Vgl. Mordechai Papirblat, 900 Tage in Auschwitz, 2020, S. 302 – 307.

Abbildung 1: Das KZ Auschwitz und seine Nebenlager.

Mordechai Papirblat sollte 14 Monate im Arbeitslager Neu-Dachs bleiben. So lange, wie in keinem Ghetto oder Lager vorher. Überhaupt war er, seit der Krieg sein Leben zerstört hatte, noch nie so lange an einem einzigen Ort gewesen! Doch wusste er das bei seiner Ankunft noch nicht. Ohnehin konnte er an jedem Tag im Lager nur den nächsten kleinen Schritt überblicken. Planen war unmöglich. Wohin war er gebracht worden?

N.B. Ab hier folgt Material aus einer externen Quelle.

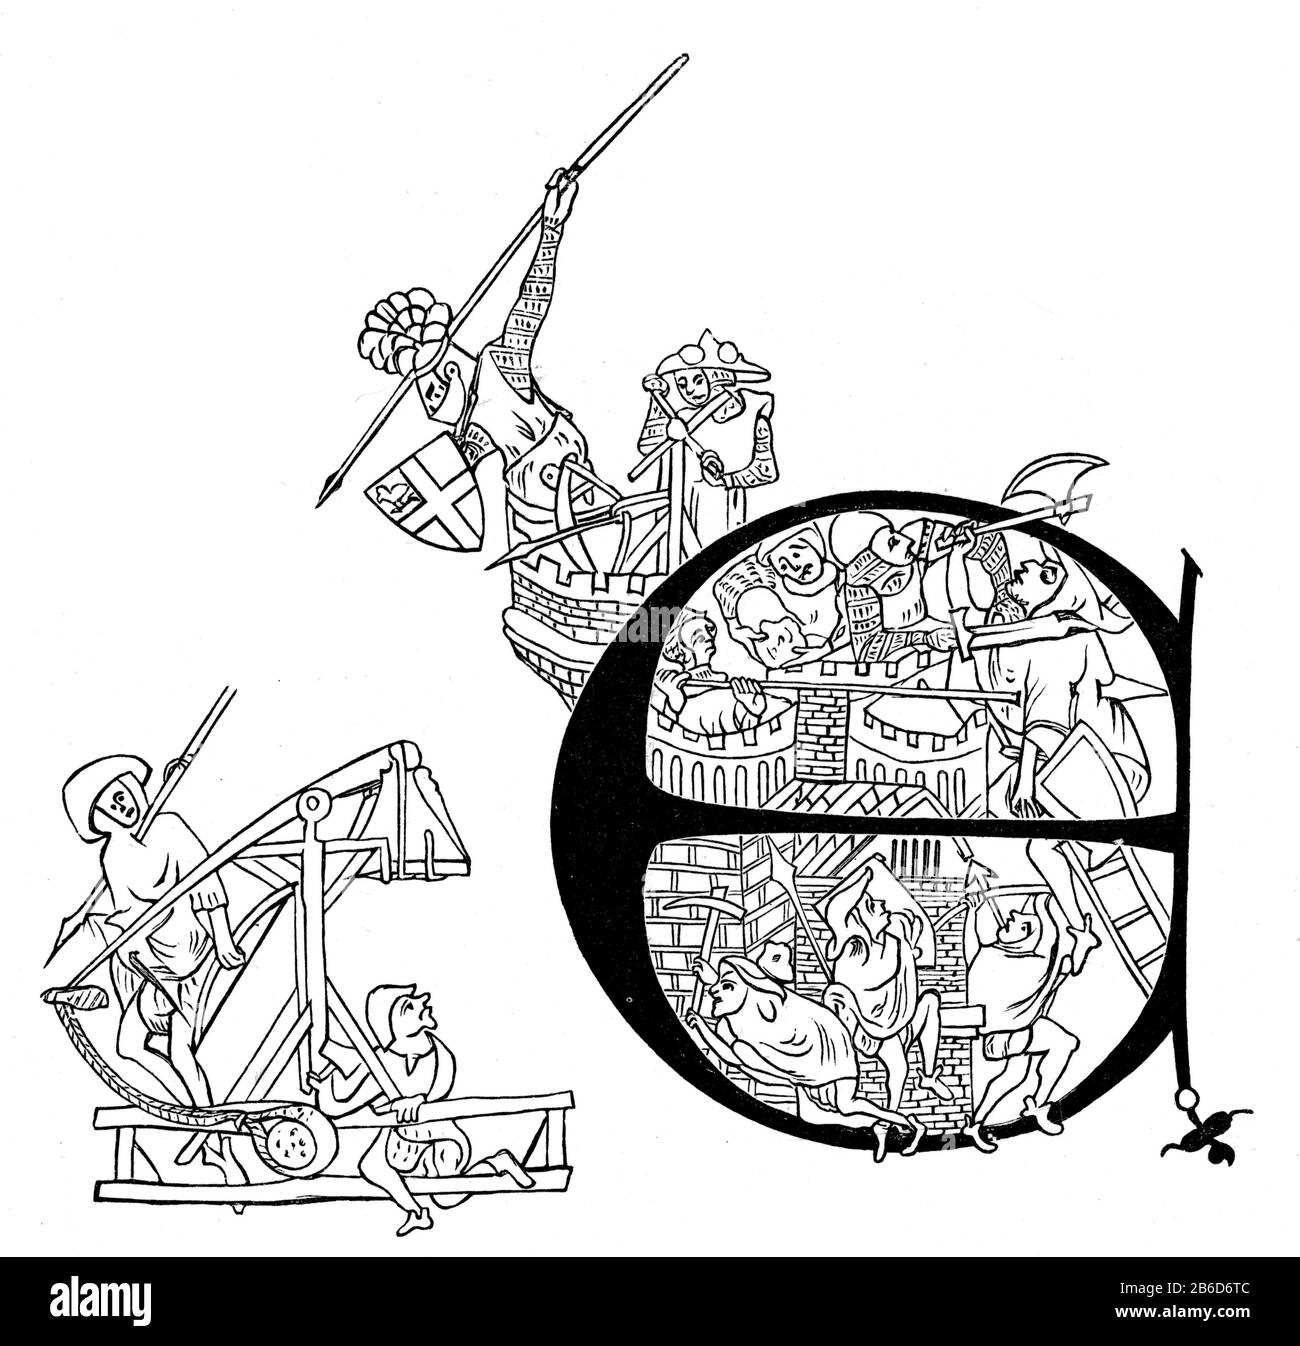 Belagerung von Carlisle durch die Schotten, AD 1315. Andrew Harclay, 1. Earl of Carlisle (c1270-1323) (erkennbar am Wappen auf seinem Schild) Speere auf die Soldaten von Robert I. werfen Initialbrief von Edward II's Charter an Carlisle (1316) comemmorating Harclays erfolgreiche Verteidigung von Carlisle Castle während seiner Belagerung durch Robert I von Schottland im Juli und August 1315. Die Belagerung von Carlisle war ein Ereignis während des Ersten Krieges der schottischen Unabhängigkeit. Stockfoto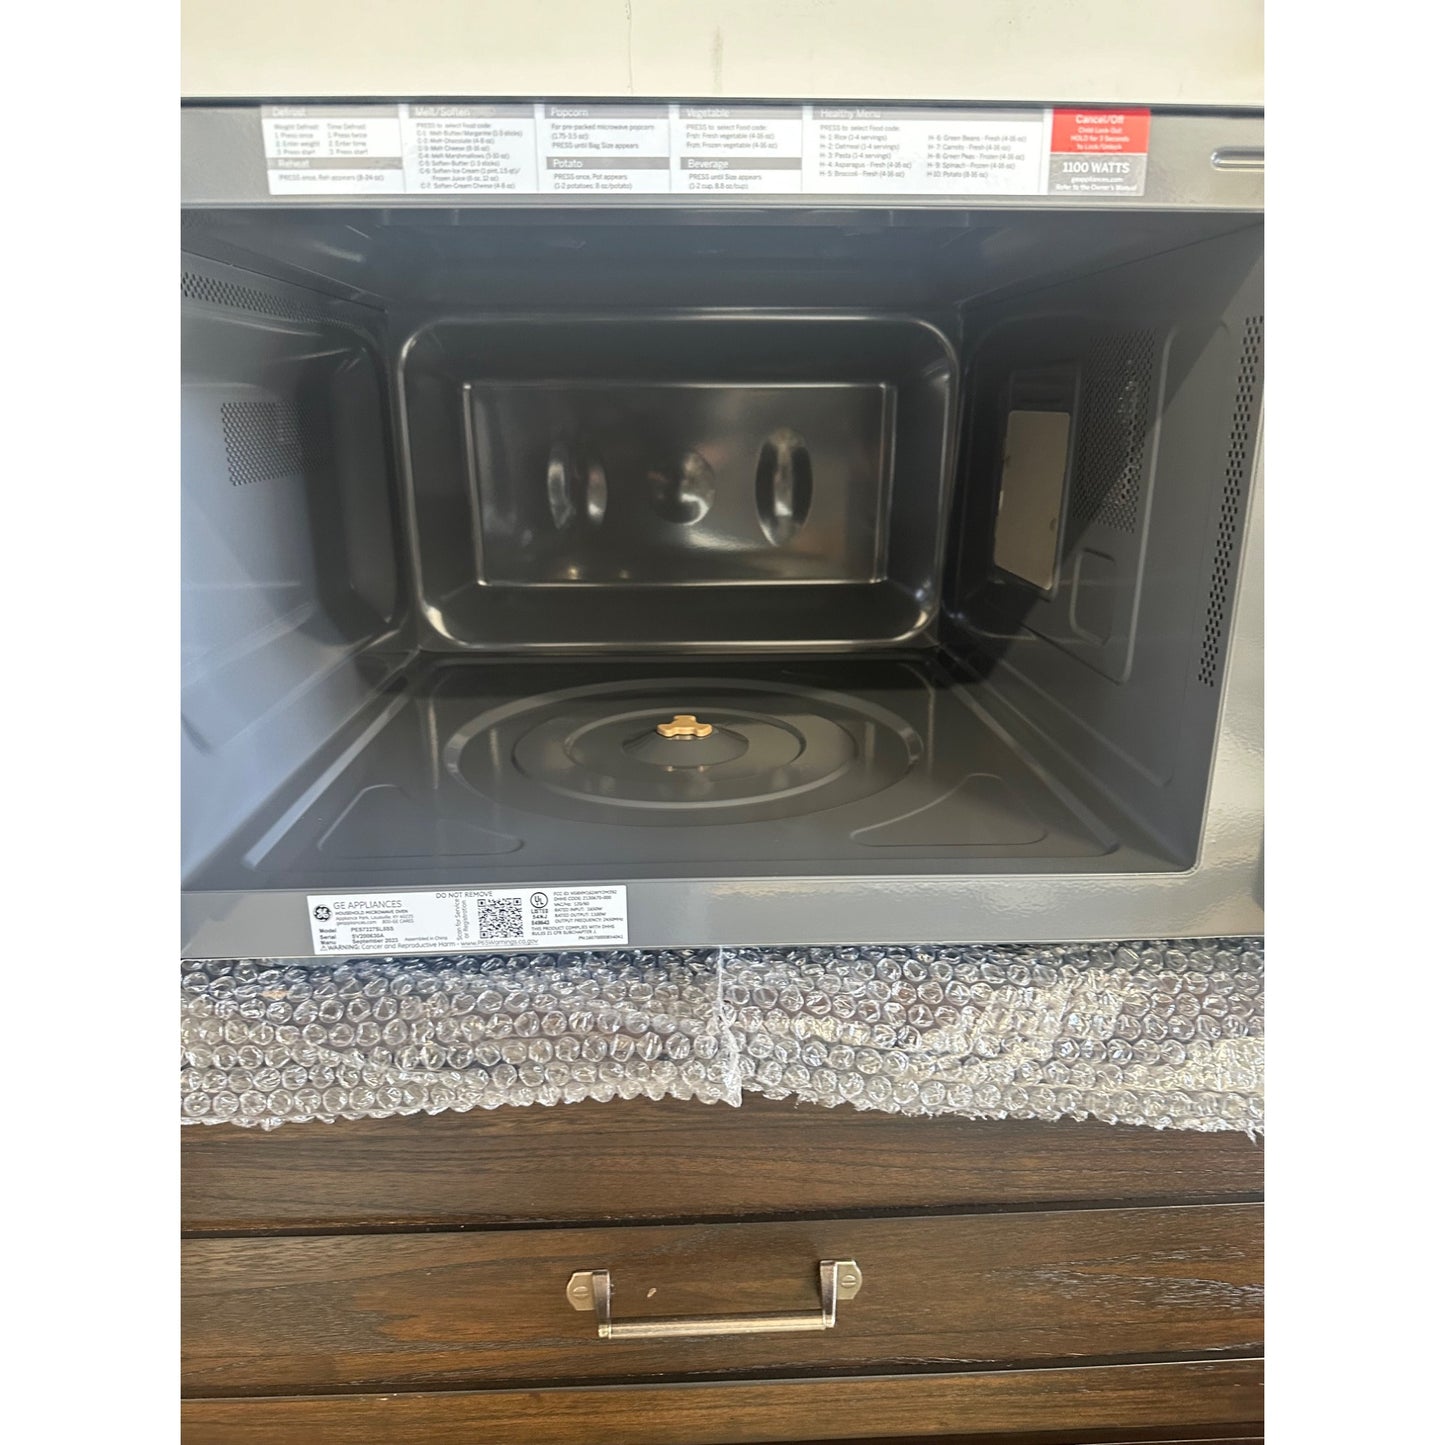 GE countertop microwave 2.2 cu ft

Mordechai Papirblat nennt in seinem Buch zahlreiche Personen aus Neu-Dachs mit Namen. Teilweise können diese mit anderen Quellen verifiziert werden, teilweise verwechselt er Personen und Namen, bei einzelnen Namen irrt er sich. Siehe dazu die entsprechenden Anmerkungen im Buch und besonders das Personenregister mit bibliografischen Angaben.

Vgl. Mordechai Papirblat, 900 Tage in Auschwitz, 2020, S. 305 – 404.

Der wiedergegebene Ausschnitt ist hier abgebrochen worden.